I agree, chowser. Isn't this forum for everyone interested in tarantulas et al.? This may be also people who are thinking of getting a tarantula so they come here to get advice. From the horse's mouth, so to speak. If I didn't have the personality that I do have (dominant and rational), I would have taken offense at some people's comments on this thread. However, because I think most people who spout oop: are full of oop:, I make sure the oop: they spout is questioned. Yes, we know there are stickies and threads about the staples of tarantula keeping *BUT* if this is what people should be looking at *BEFORE* posting, then the interaction (i.e., the "living aspect" of this place) would be rendered redundant. *SOME* people forget that it's also important for the not-so-new hobbyists to go over what they know with new hobbyists as it fosters, underpins and solidifies their own learning and knowledge about keeping tarantulas. Not everyone can be considered an expect (sic.), like this guy: http://www.youtube.com/watch?v=D0y4PrjRnII (the guy's a silly arse if you ask me).


----------



## Michiel (Jan 25, 2012)

The last two posts......tears in my eyes...
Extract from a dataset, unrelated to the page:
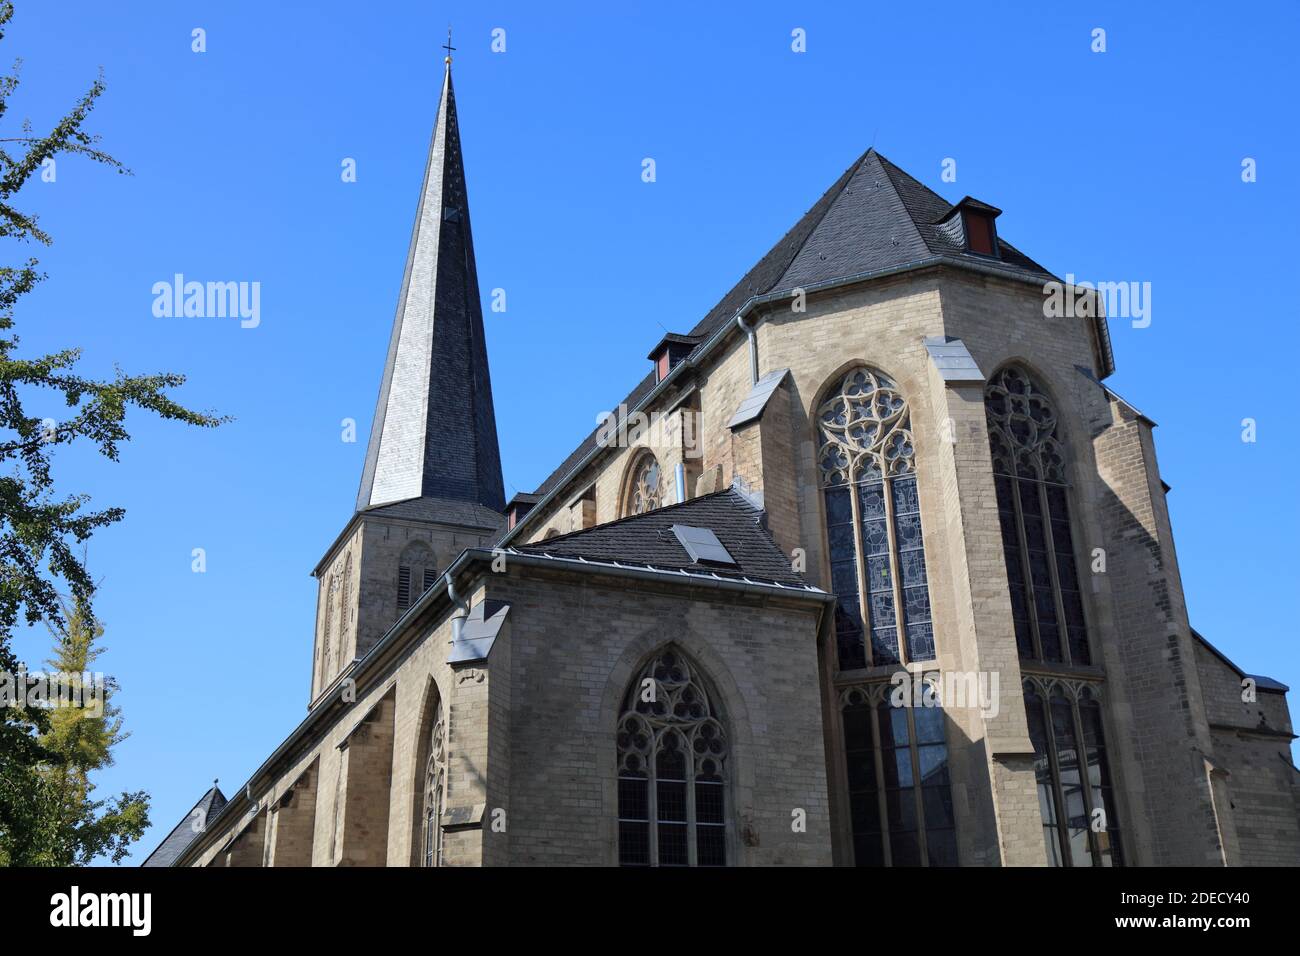 Monchengladbach Stadt in Deutschland. Stadtkirche Alter Markt - Römisch-katholische Kirche Mariä Himmelfahrt (St. Maria Himmelfahrt). Stockfoto

PS. If i let my rose hair drink chocolate milk, will it get pregnant? I did use the search function but couldn't find it....

Verstuurd van mijn GT-I9001 met Tapatalk

Reactions: Like 1


----------



## Ludedor24 (Jan 25, 2012)

Michiel said:


> PS. If i let my rose hair drink chocolate milk, will it get pregnant? I did use the search function but couldn't find it....
> 
> Verstuurd van mijn GT-I9001 met Tapatalk



 Try to keep it in the dark and on the dry side...and for pete sake don't feed your mogwai after midnight!


----------



## Michiel (Jan 25, 2012)

I think you should get off your high horse ludedor,.my question was serious...Now I am out of this forum!! LMAO

Verstuurd van mijn GT-I9001 met Tapatalk

Reactions: Like 1


----------



## James P (Jan 25, 2012)

Hmm I think there have been a few people on here feeding themselves after midnight.
And no Michiel, if you feed your rose hair chocolate milk it will not get pregant, sorry but your mum lied about one.


----------



## xhexdx (Jan 25, 2012)

chowser said:


> wow.. this post just makes me want to find a new forum.. when people are on their high horse and the only advice they give is new people to the hobby need to stop asking questions and just go away. I'm new to the hobby and to this forum, and with jerks like this on here i will be finding somewhere new to start up conversation and get advice. thank you LV-426 for letting me know i do not need to waste my time posting or reading on this forum anymore. way to spread the word and popularity about the hobby.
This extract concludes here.